Thoughts on civic duty ...

Nov 05, 2008 21:44

lifted from a comment in another LJ  journal

A US military veteran on my flist asked what his readers have done to protect and defend their rights.  Behind the cut is my response.

Yeah, I'm wordy.  I get that way easily, let alone when I'm passionate.  But I don't regret a word.

By the time women were allowed to serve in the way you mention, I was too old. However, I won't deny that I would not have volunteered. I'm really not the military type. On the other hand, I think that if we have a military service expectation on any one (SS registration, anyone?) we should have it on everyone. Period. Like Israel. I would have submitted to such regulation myself -- and advocated for it when I was a candidate for such service.

Still, I have done things. I put a lot of effort into staying an informed voter, and I do so by looking at many sources of information, not just the ones I find easy to agree with. I research further anything I don't understand well enough to vote on. I have only missed two chances to vote since I cast my first vote as a member of the 18-year-old voting class in 1972. Both were primaries. (I am an independent.)

I have worked as an election judge or poll worker more than once in two states. I have canvassed for things I feel strongly about. I have given my money to causes I endorsed.

I have been open to discussion with fellow citizens, both those who agree and those who disagree with me. I believe I have done so with candor, respect and with open ears. At least I have tried. I have often played devil's advocate to explain how anyone might disagree with us when I am talking to those who agree with me.

I pay my taxes, and while I may or may not agree with the taxation rate and/or a specific use of tax money, I do this because I am obligated to pay my way in the use of public resources we *all* use in one way or another. While I do not do so joyfully, I do so willingly and proudly. I am not being political, but patriotic, when I confess I was offended by my president and some 2008 candidates making jokes of this particular civic duty.

Veteran's causes are on my regular charity donation list. When the current administration cut the part of military spending that supported the families of deployed troops and helped returning veterans, I donated additional monies.

It is my belief that any American can do some or all of the above. They are not as fraught with potential danger as military service, although we should never forget that people have lost lives doing the above -- James Chaney, Andrew Goodman and Michael Schwerner stay in my mind.

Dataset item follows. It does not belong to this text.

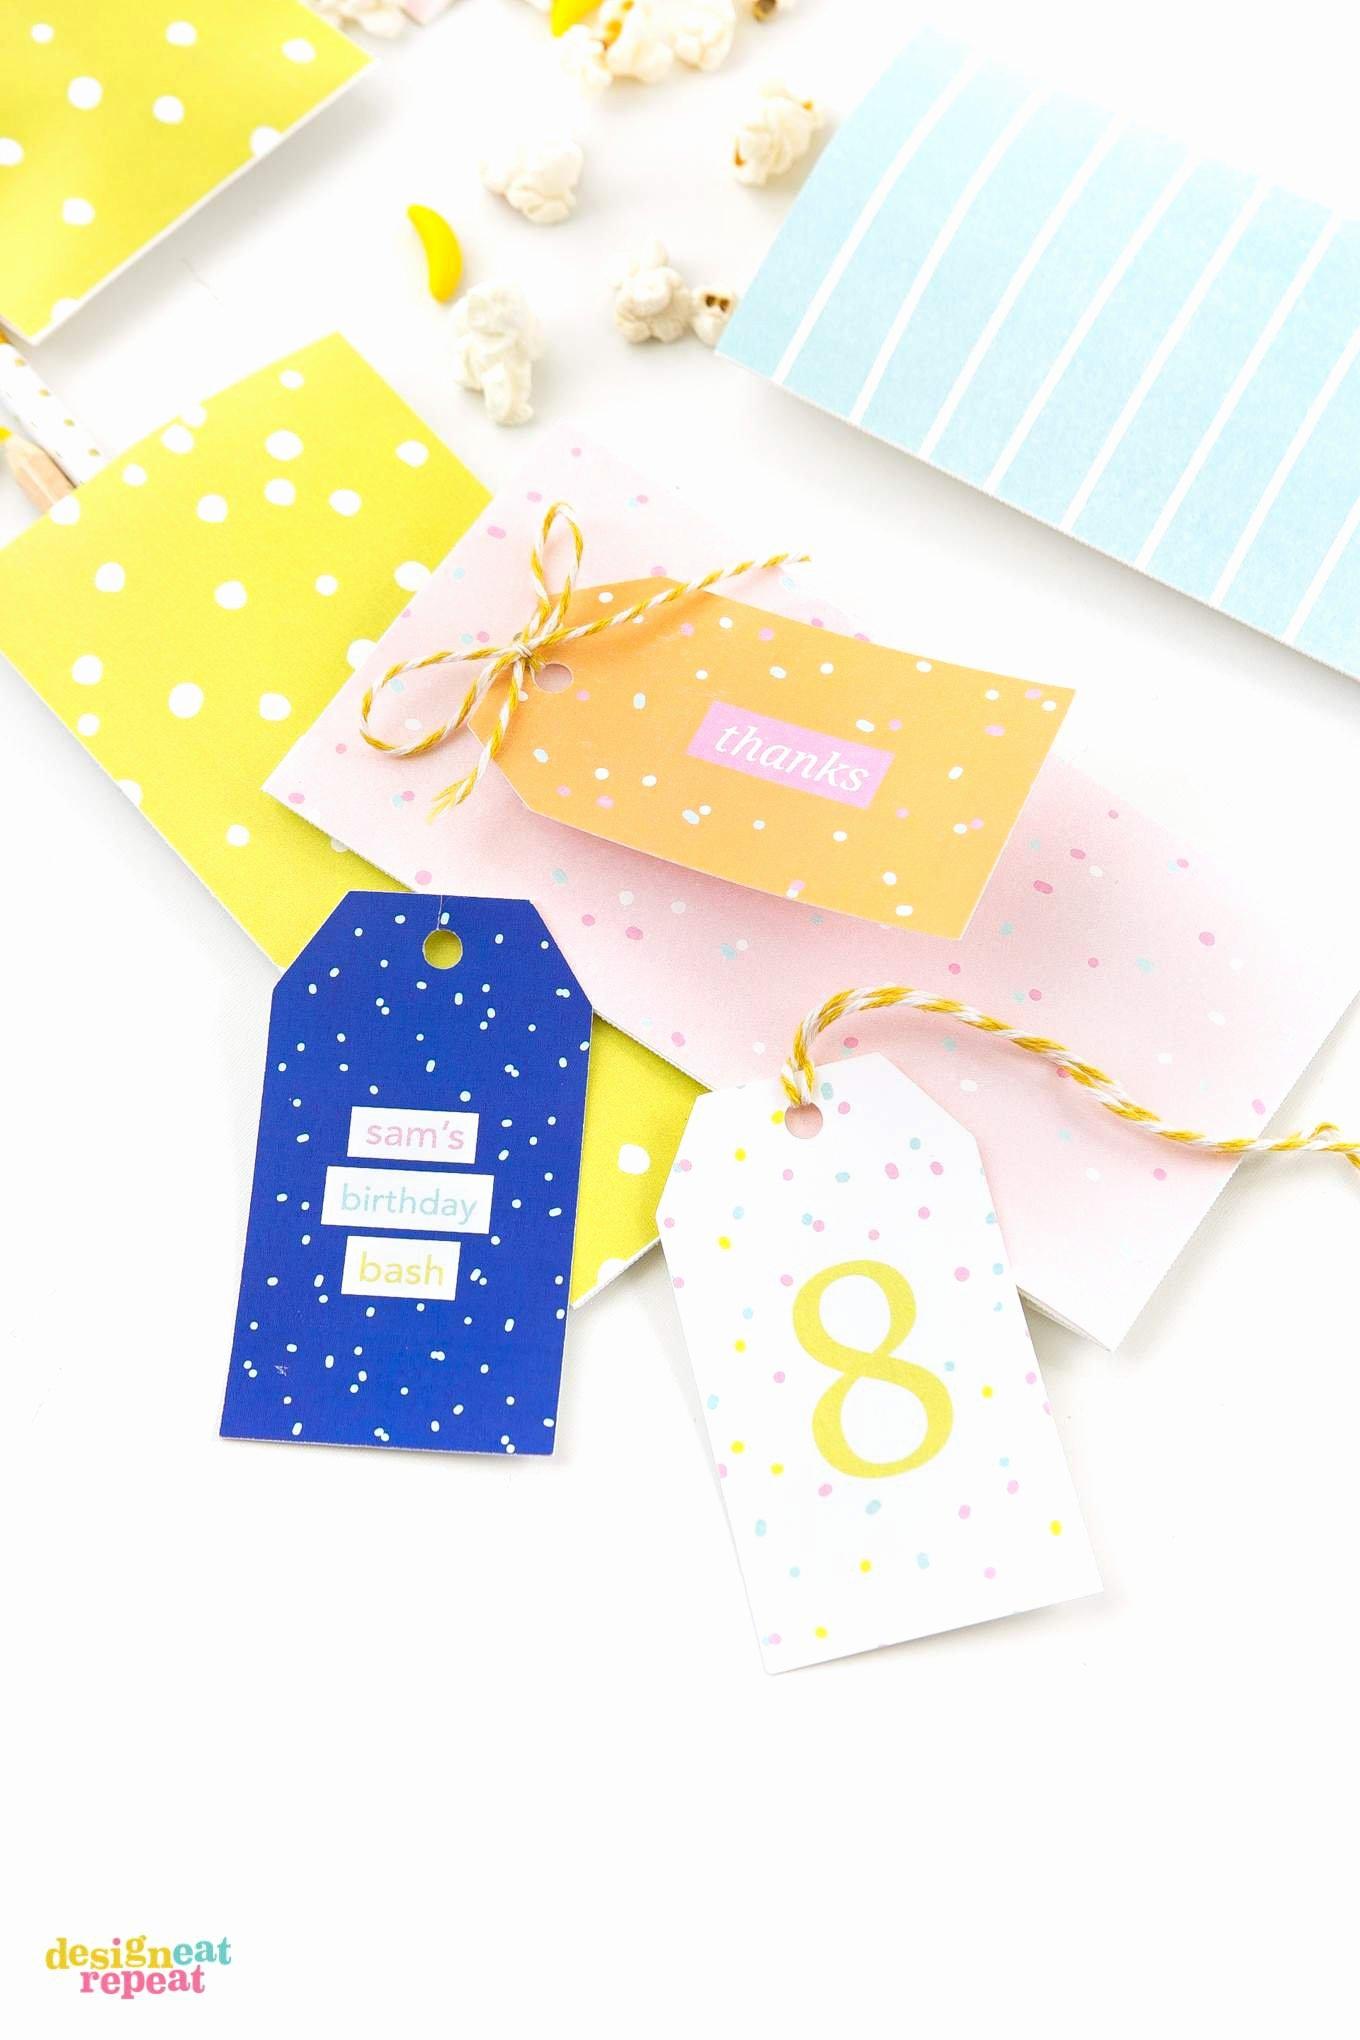 Printable Birthday Gift Tags Fresh Colorful Printable Birthday Gift Tags Design Eat Repeat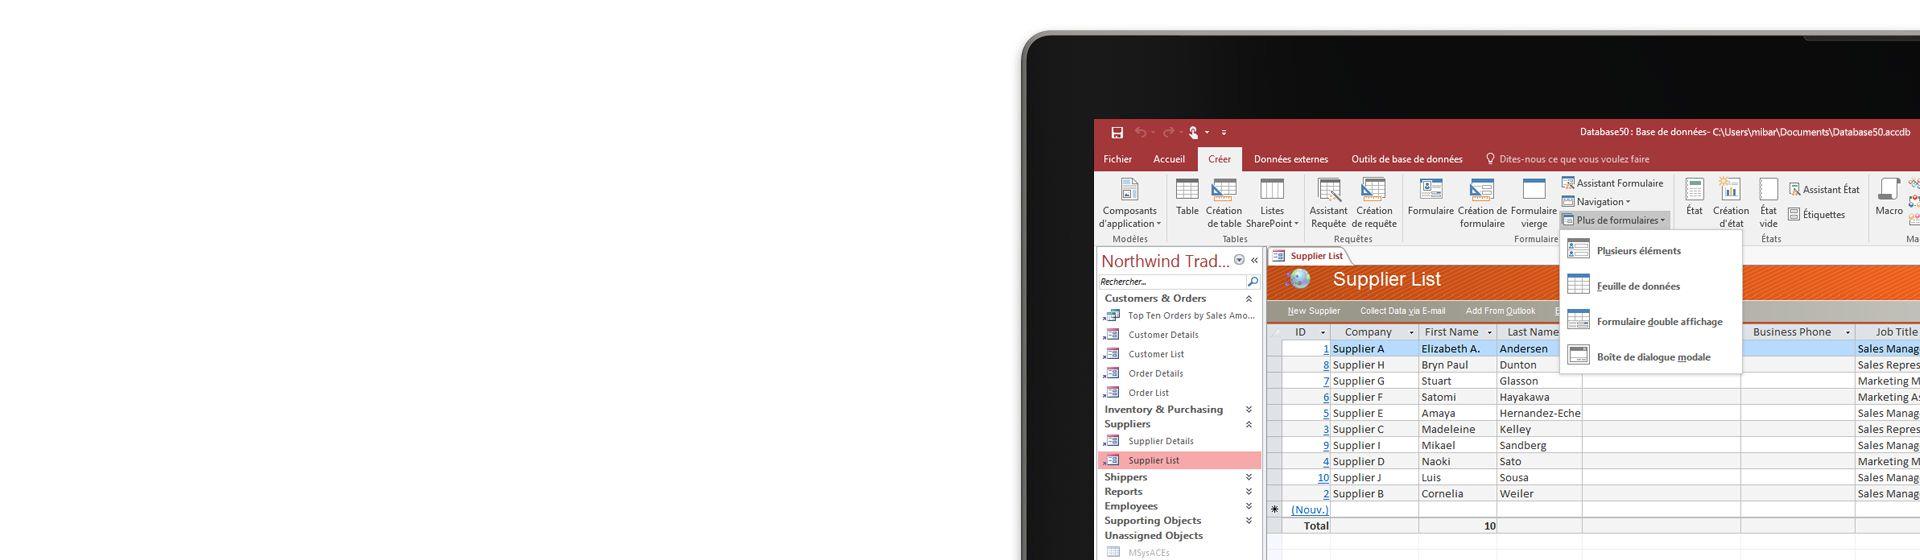 Angle d'un écran d'ordinateur affichant une liste de fournisseurs dans une base de données Microsoft Access.

Dangerous or not, these are important and valuable contributions.

I have done other things, some of them fraught with personal danger, if not life-threatening danger, but very few American citizens are ever put in the positions I was in when I did them, so I won't count them. Except for one of the not dangerous ones:

I have read the Constitution. Many, many times. I have read analyses from constitutional scholars from different political viewpoints. I have studied other democratic constitutions in other countries, and came to a better understanding of ours through comparison.

I cut my fellow citizens some slack on this one. I enjoy constitutional law and political philosophy. I enjoy intellectual study. This one is easy for me. That doesn't make it insignificant, but it is not a sacrifice for me in any sense.

I really do attempt to walk what I talk.

Many of my fellow citizens do not have my advantages to do much of what I do.  My job hours are flexible, my finances are generally comfortable (with tight spots now and then).  I do not have children and the related responsibilities and time sinks.  I was given some gifts that made acquiring the skills for some of what I do not only possible but relatively easy.  This is not to say I have not worked, and worked hard, to get where I am.  It is to acknowledge that some of us can give more than others.  That's how societies work -- and one of the reasons we form them.

Just imagine , though, if *every* citizen did just one of the above -- and if *every* eligible voter voted. What a country!